それは紙芝居『原子怪物ガニラ』の語り口にも言えることだし、本日のメイン、探偵講談『シャーロック・ホームズ 六つのナポレオン』にも言える。ガニラはやっとこれまでの切りのところの先まで進んだが、相変わらず話はサッパリ進まない。そこがひとつの味であるし、『六つのナポレオン』も、後の対談で山前譲さんが言っていたように、ホームズは大した推理などしていないのだが、そのクラシカルな語り口の中で、19世紀末のロンドンと大阪が奇妙に混交し、何度も繰り返されるフレーズがあたかもこの作品を古典芸能の一編であるかのような錯覚さえ抱かせる。語り口に酔 うためには、内容はかえって邪魔、という場合すらあるのである。

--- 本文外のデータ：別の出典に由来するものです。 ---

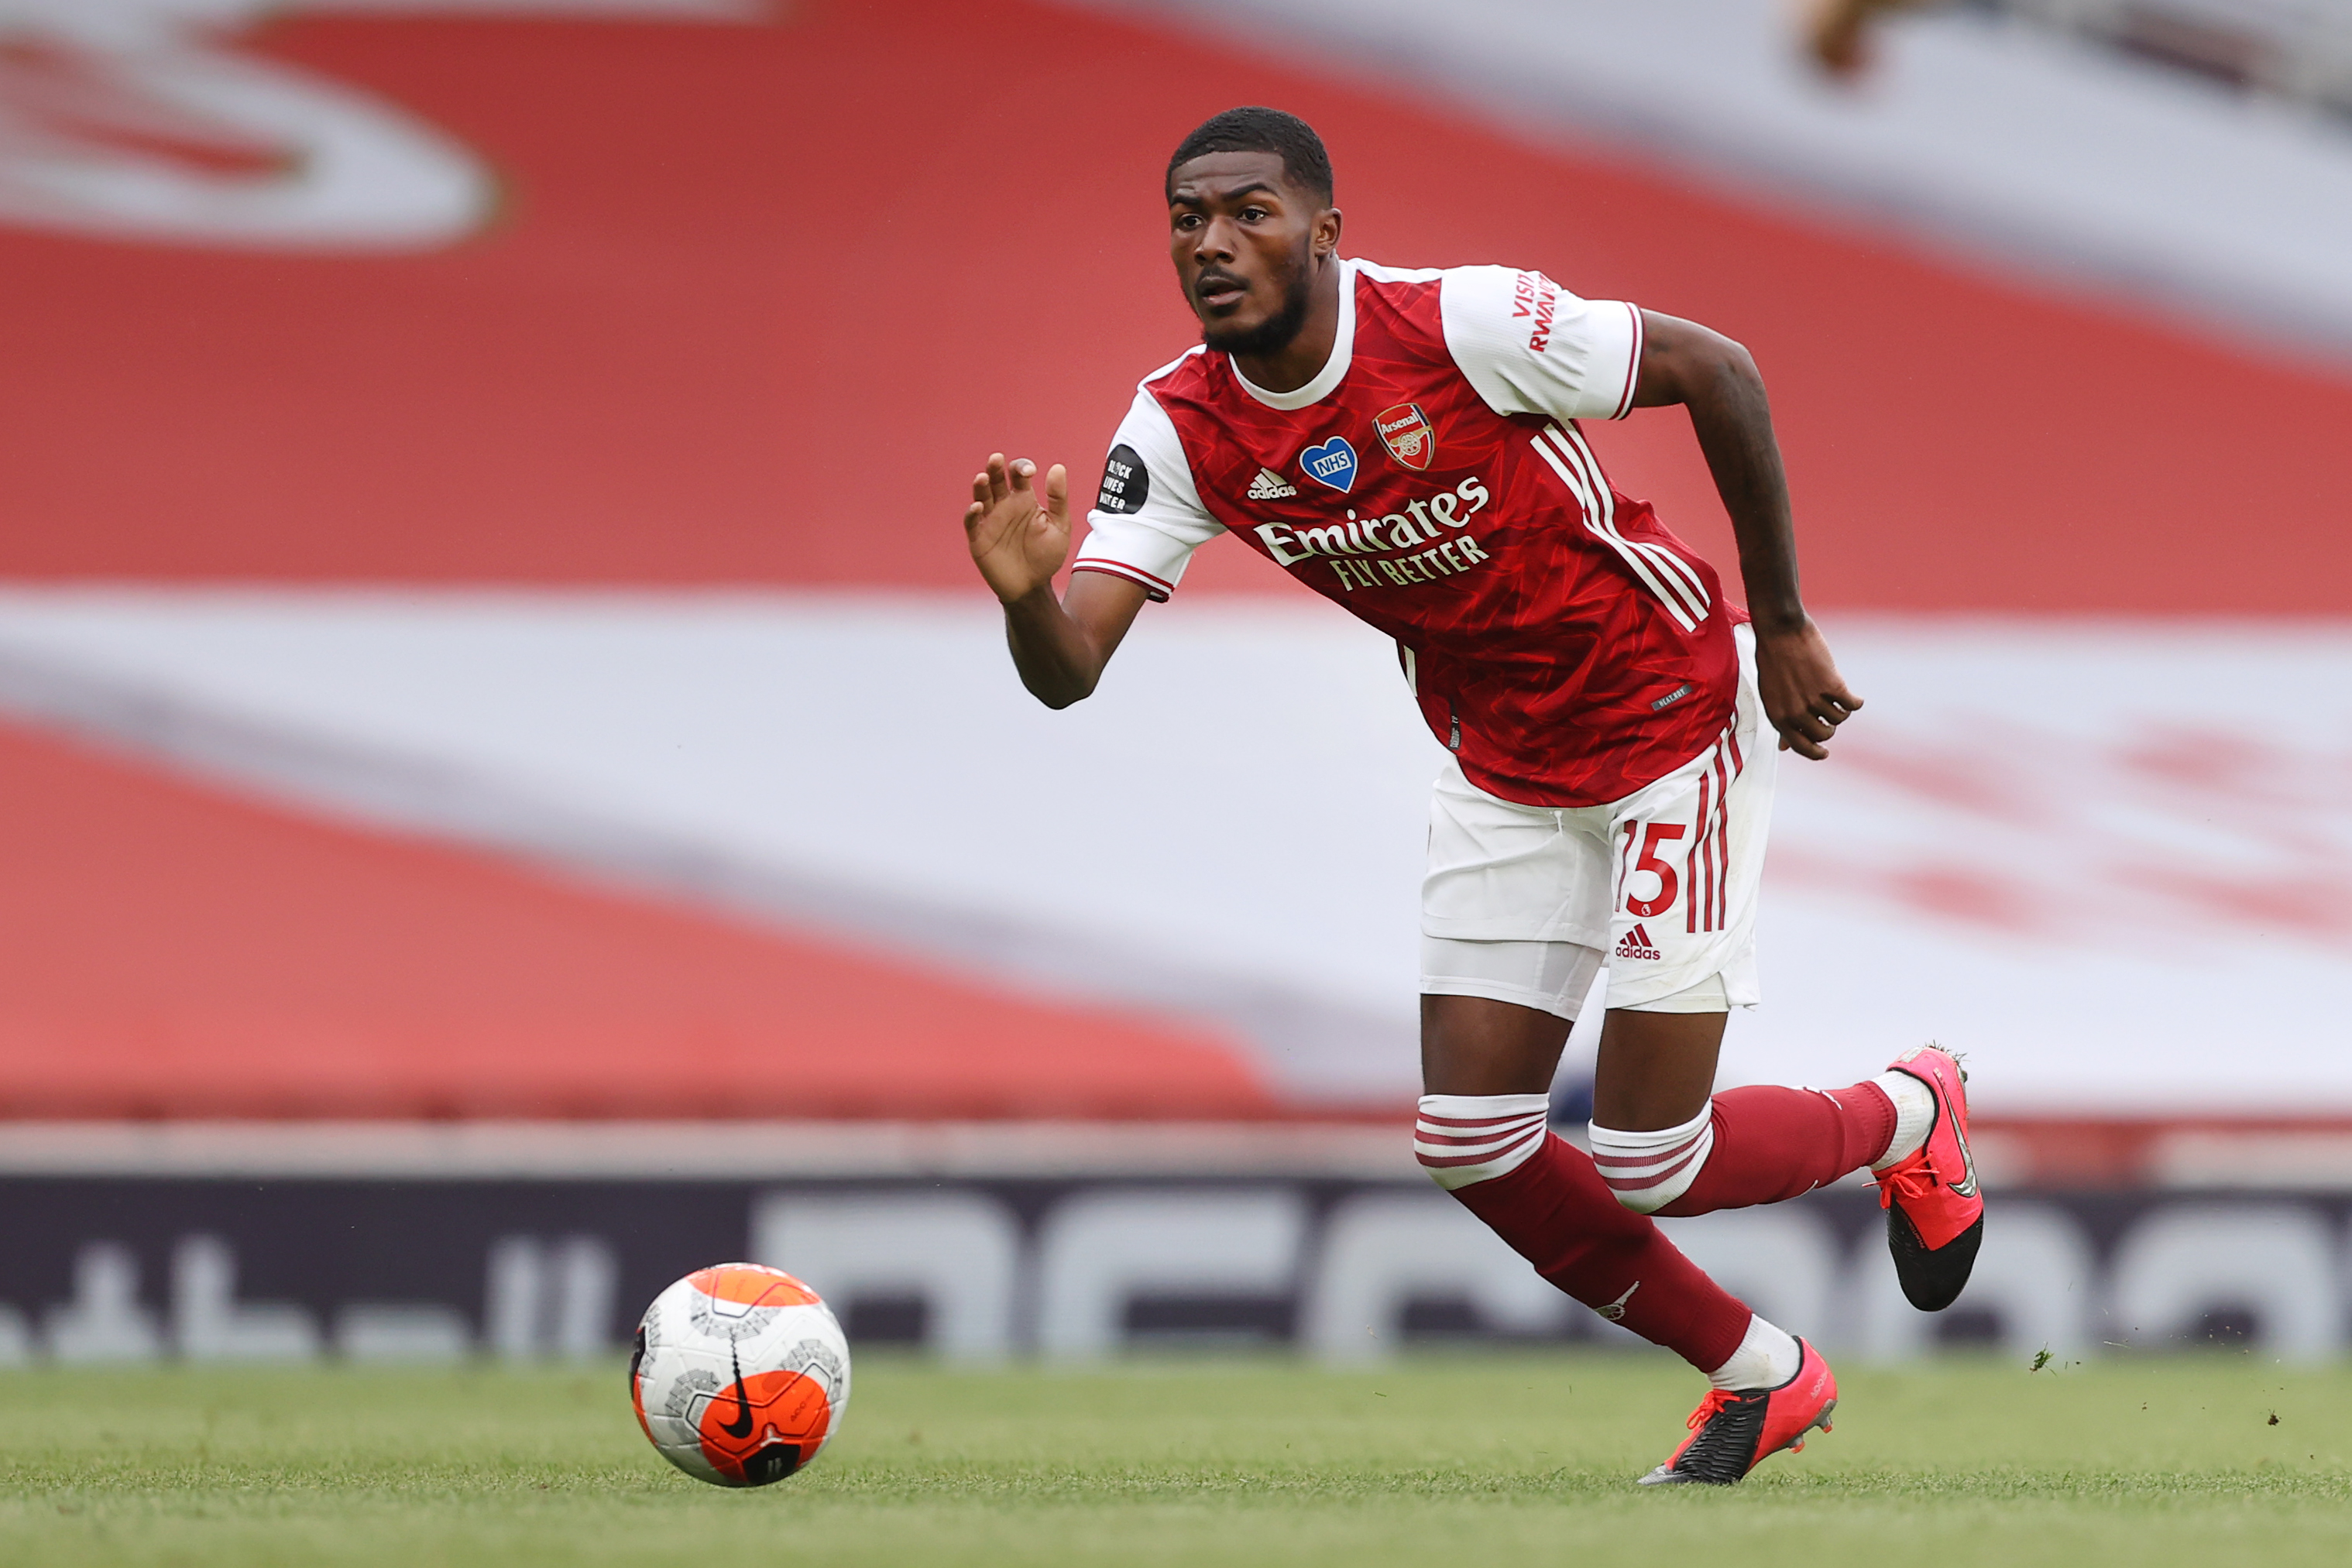 Arsenal transfer rumour round-up: Maitland-Niles set for Wolves move as Gunners eye Bayern star Thiago

終わって打ち上げはいつもの江戸和食・隅田。“エドワショクスミダ”てえから韓国料理かと思った、とお馴染みのギャグ飛ばしつつ。道々、芦辺拓さんと小劇場演劇論。店ではワセダ・ミステリクラブの人たちなどと翻訳探偵小説ばなし。エラリー・クイーンの国名シリーズには名犯人がいない、という話になって、なるほど犯人の名前を誰一人記憶していない、しかし消去法なら、と
「『スペイン岬の謎』の犯人は、あの人ではない」
「『シャム双子の謎』の犯人は、あれではない」
「『チャイナ橙の謎』は、そもそも犯人はどうでもいい」
などと指を折る。ああ、またもや一般人の皮が破れてミステリオタクの地が。
K子もやがて加わって、芦辺さんとなんやらかやら。K子は小栗虫太郎を“つまら ない”と一刀両断に切って捨て、その切り捨て方に芦辺さんが
「K子さんはわれわれがつい、幻惑されてしまう虫太郎のレトリックにごまかされない、希有な人だ」
と、絶対過大評価なのだがしかしまあ、ハタ目ではそう言えるかも知れない、という賛辞を送っていた。南湖さんは獅篭とも今度一緒に会をやるとか。

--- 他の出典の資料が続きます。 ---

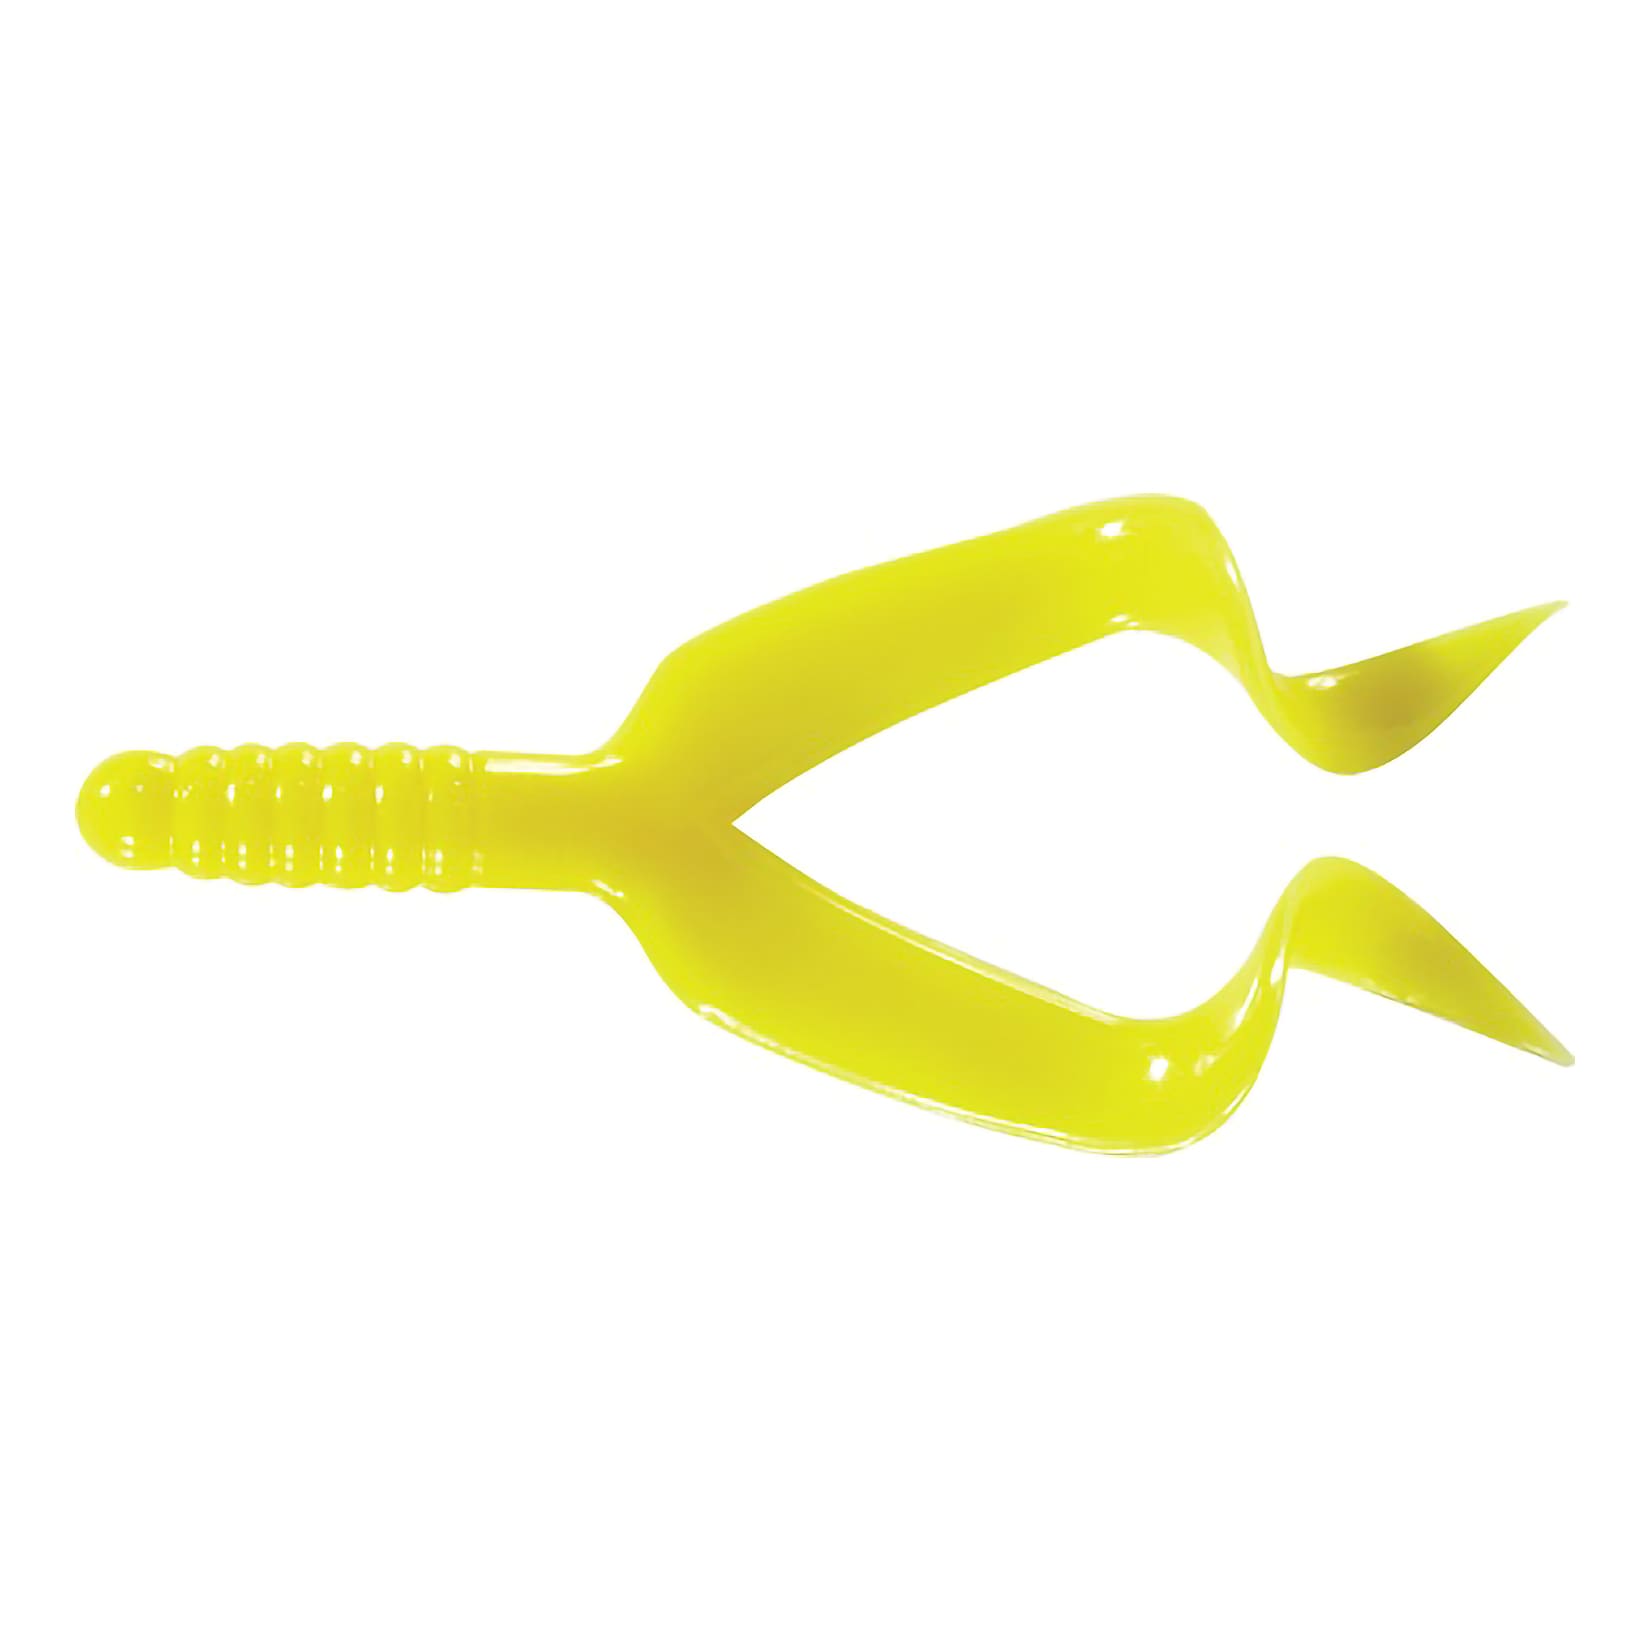 Mr. Twister Double Tail Lure – 10 Pack - Yellow

二次会はなんとかいう、やたら料理や酒の注文の通らない店で。今年は南湖さんを強力にバックアップしますと宣言。いや、出来れば南湖さんに個人的に大阪講談を習いたいとすら思った。しかし、K子が帰りの電車の中で
「南湖さんが一番静かだった」
というくらい、私、芦辺、山前の三人、しゃべる々々。
帰宅したら講談社『週刊現代』から次の〆切メール。ヤンマガにいたデスクが前回の私の原稿を大変気に入ってくれた由。それこそ、内容ばかりにとらわれず、マンガにとって有益な批評を心がけたわけだが、現場にいた人間にその趣旨が認められるということは、その目論見が機能していたということだろう。ややホッとする。